French poet and leader of the Symbolist movement in poetry with Paul Verlaine. Mallarmé was a provincial school teacher who came to Paris to live a bourgeois life on the rue de Rome, but published allusive, compressed poems, which suggested rather than denoted. He saw that his purified language gives "a purer meaning to the words of the tribe." (from the sonnet on Edgar Allan Poe) Mallarmé never gained wide recognition for his work during his lifetime.

O rêveuse, pour que je plonge
Au pur délice sans chemin,
Sache, par un subtil mensonge
Garder mon aile dans ta main.

(from 'Eventail de Mademoiselle Mallarmé')

Stéphane Mallarmé was born in Paris into a family in which his father and grandfather had made a noteworthy career in the French civil service. He was expected to follow the family tradition but at school he did not do well except in languages. Mallarmé began writing poetry at an early age under the influence of Victor Hugo. At the age of nineteen he found Charles Baudelaire's The Flowers of Evil, which had appeared in 1857. Under its influence he wrote 'Briese marine,' starting with the much quoted line "Le chair est triste, hélas! et j'ai lu tous les livres". After leaving school he visited England and while in London he married Marie Gerhard. Mallarmé taught English from 1864 in Tournon, Besançon, Avignon, and Paris until his retirement in 1893. The solitary years in Tournon and Besançon were his years of apprenticeship, during which he prepared himself for his career as a man of letters.

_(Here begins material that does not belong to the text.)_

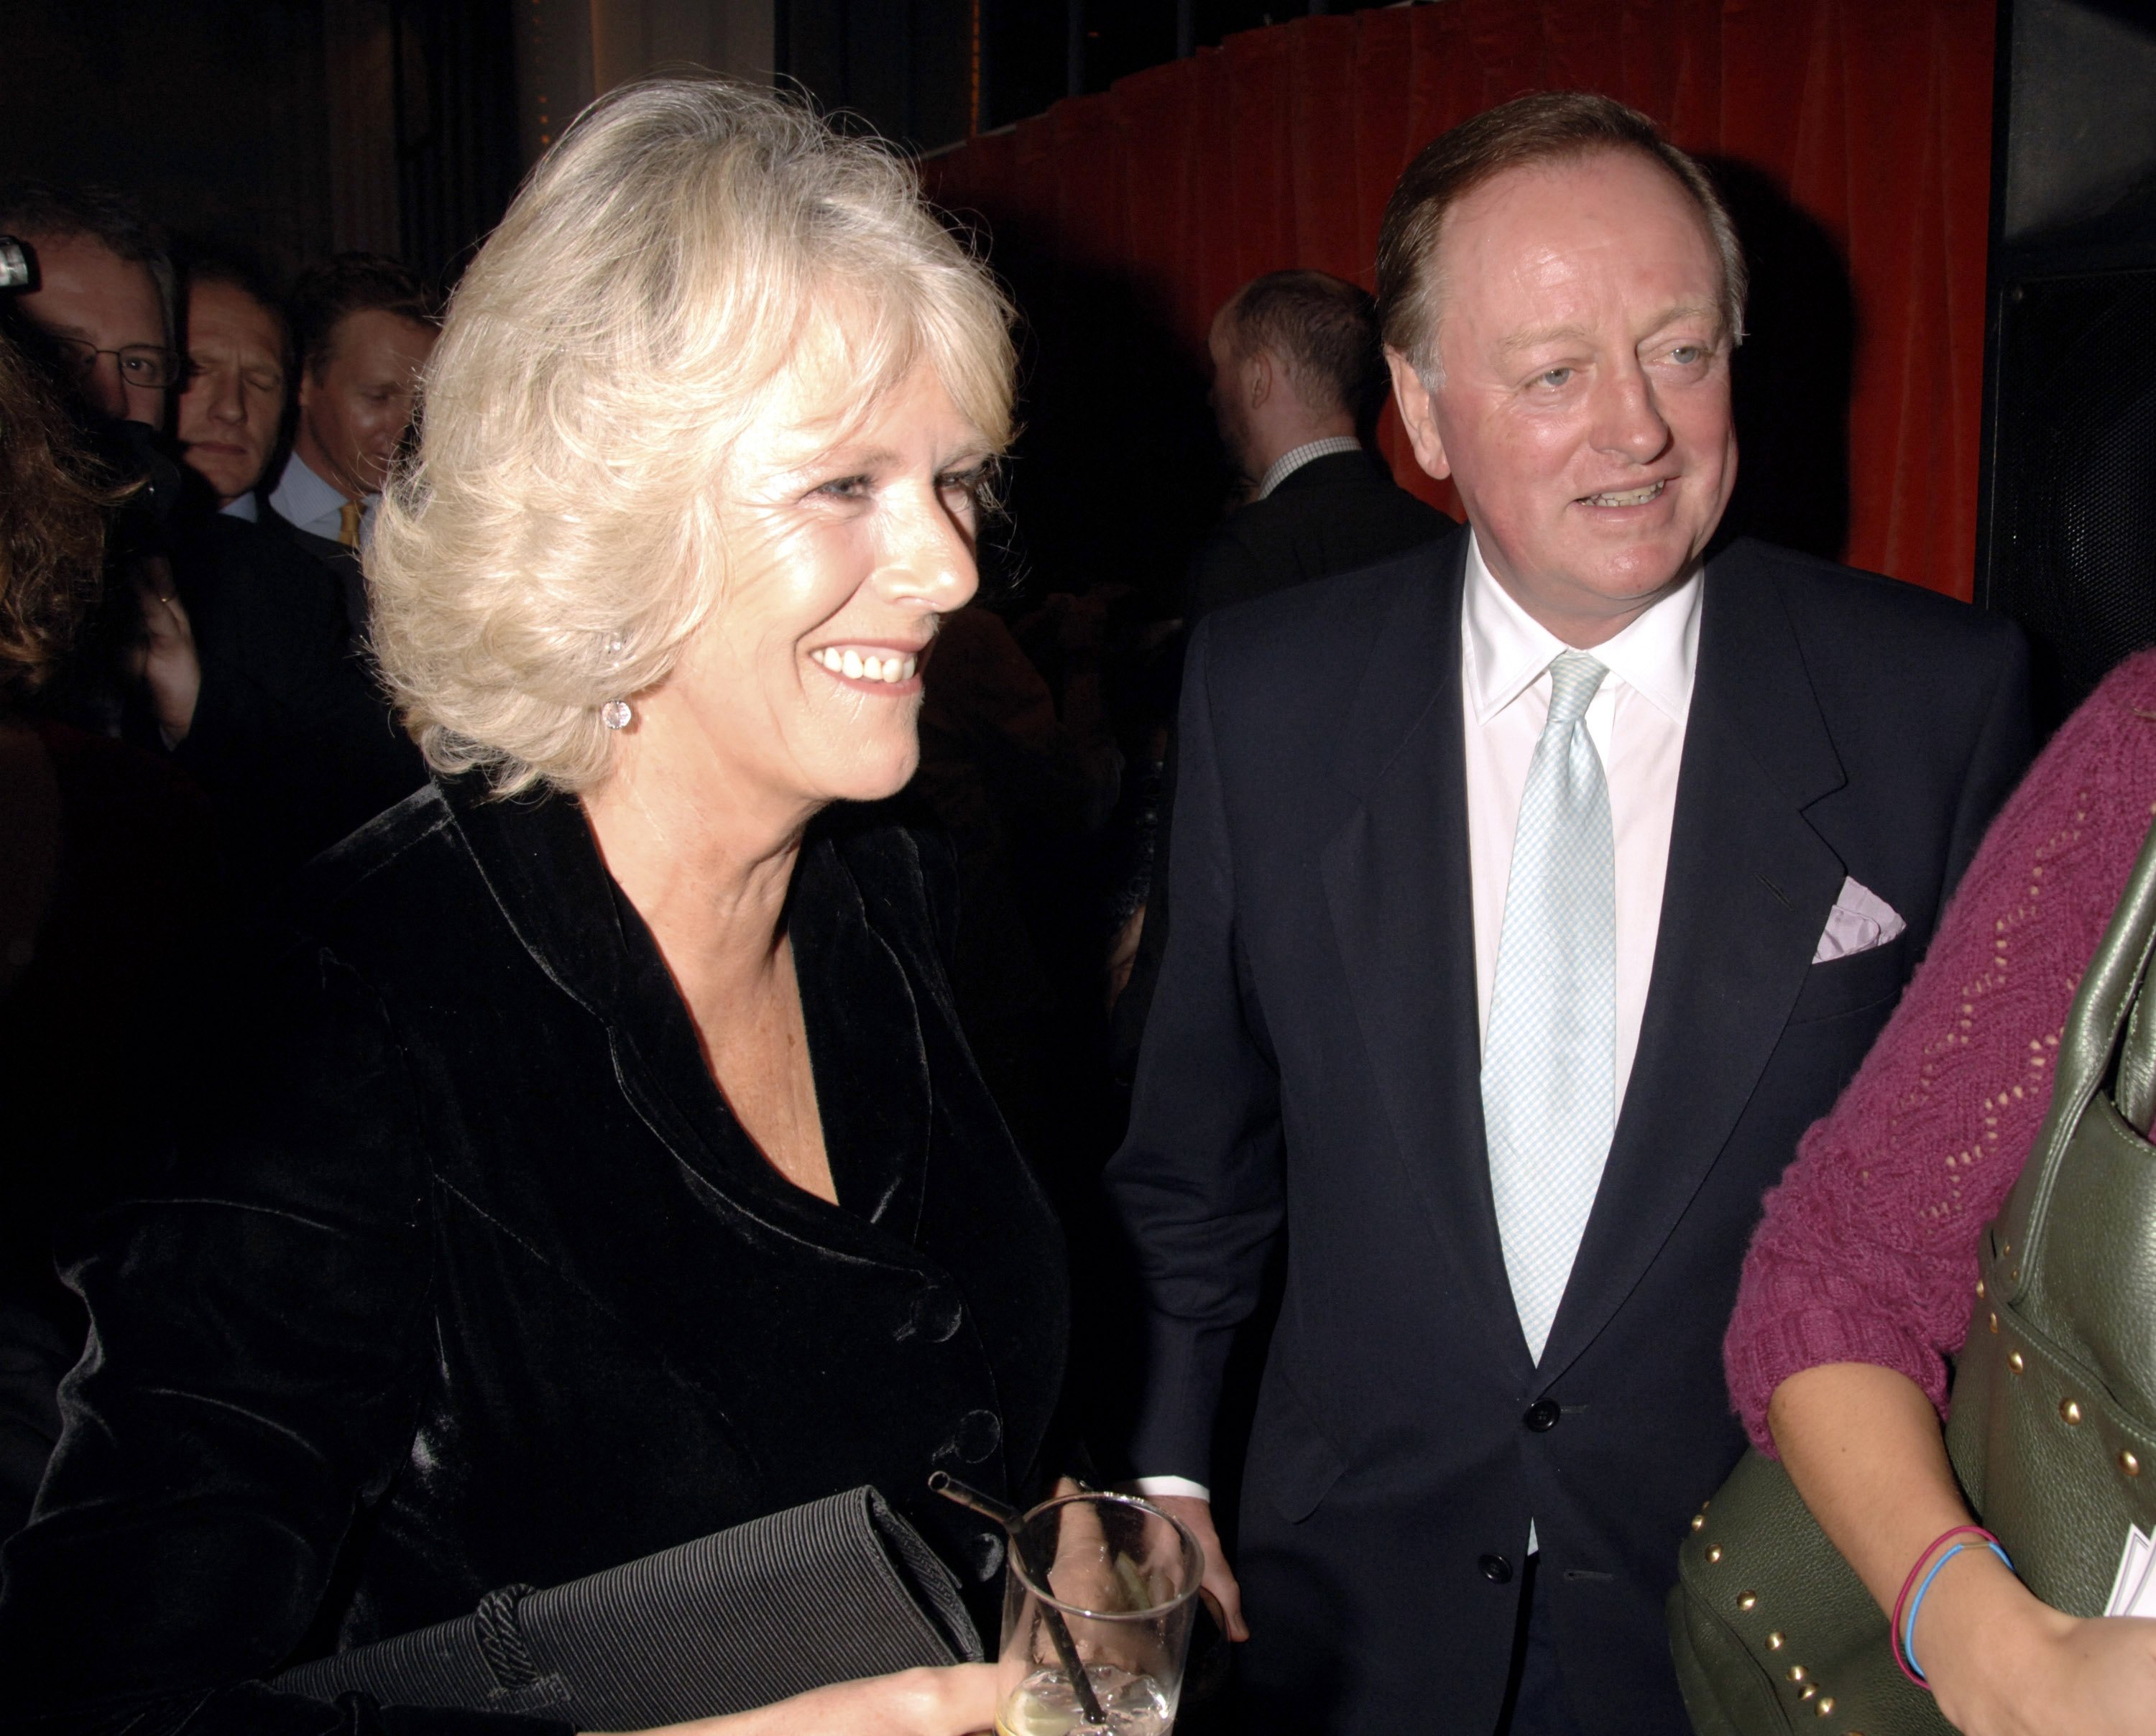 Camilla, Duchess of Cornwall and Andrew Parker Bowles attend the book launch of 'The Year Of Eating Dangerously' by Tom Parker Bowles, in London, England, on October 12, 2006. | Source: Getty Images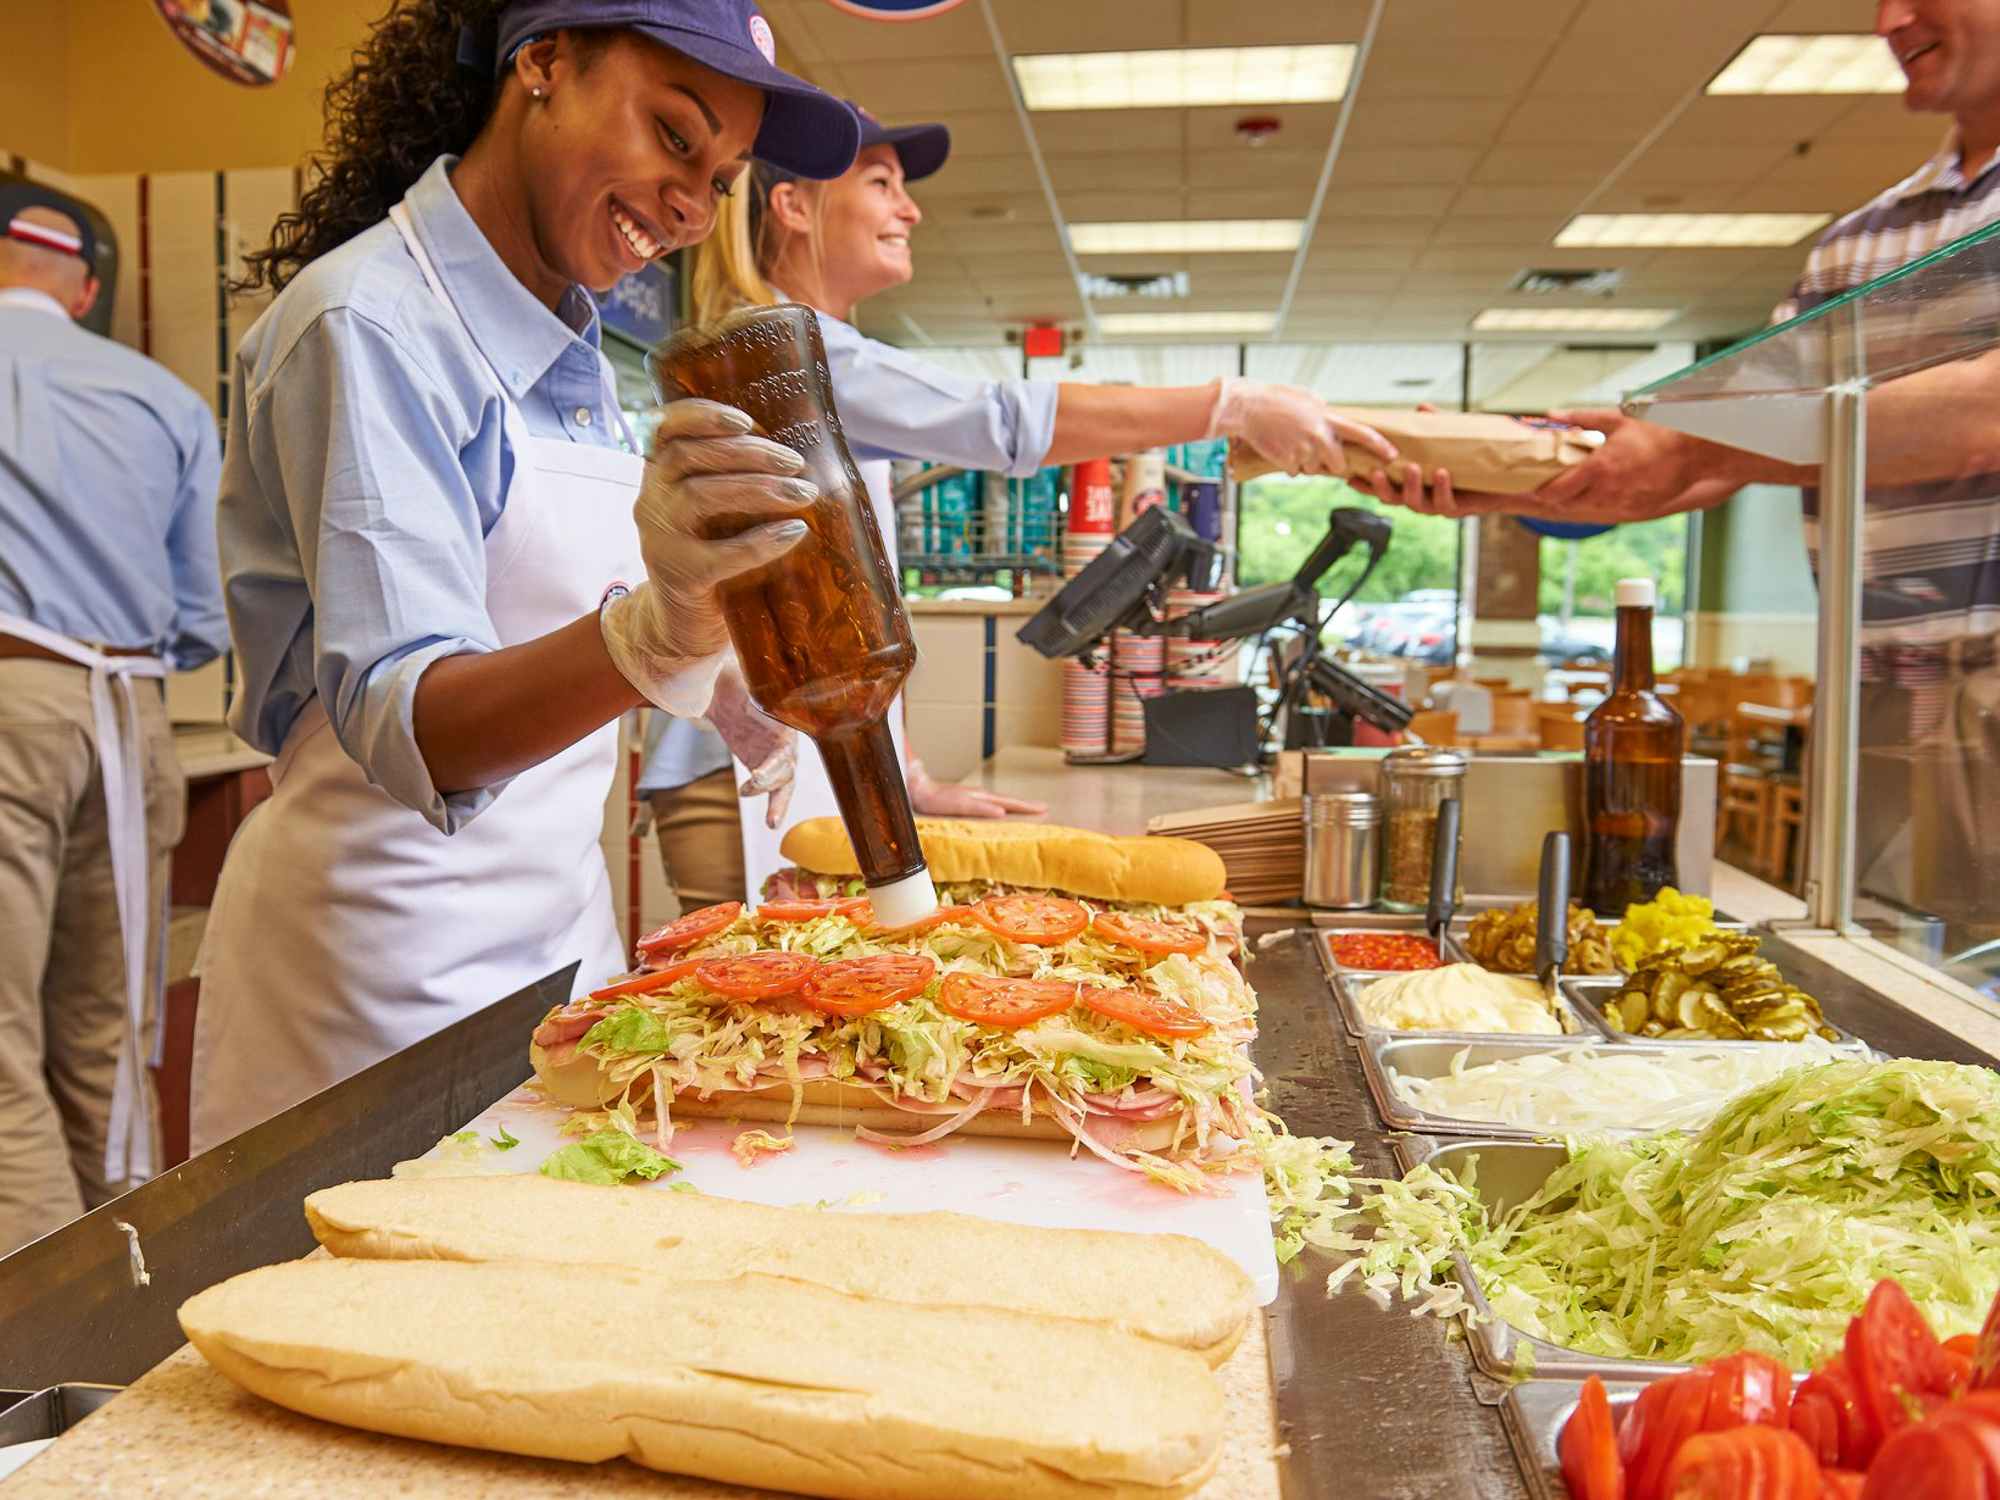 Jersey Mike's employees making subs for customers

Mallarmé's poems started to appear in magazines in the 1860s. His first important poem, 'L'Azur', was published when he was 24. All his life he spent a very long time on each of his poems, making them as perfect as possible. In between writing, he suffered from bouts of physical illness and metaphysical anguish. During the 1870s, he was one of the few literary figures who defended the artistic vision Éduoard Manet in the press. Mallarméwrote 'Le jury de peinture pour 1874 et M. Manet' (1874) for La Renaissance littéraire et artistique and  'The Impressionists and Édouard Manet' (1876) for a London journal, introducing his British readership to Manet's "open air" painting. For ten years, Mallarmé went to Manet's studio every day. In the 1860s, the young Émile Zola acted as Manet's spokesman.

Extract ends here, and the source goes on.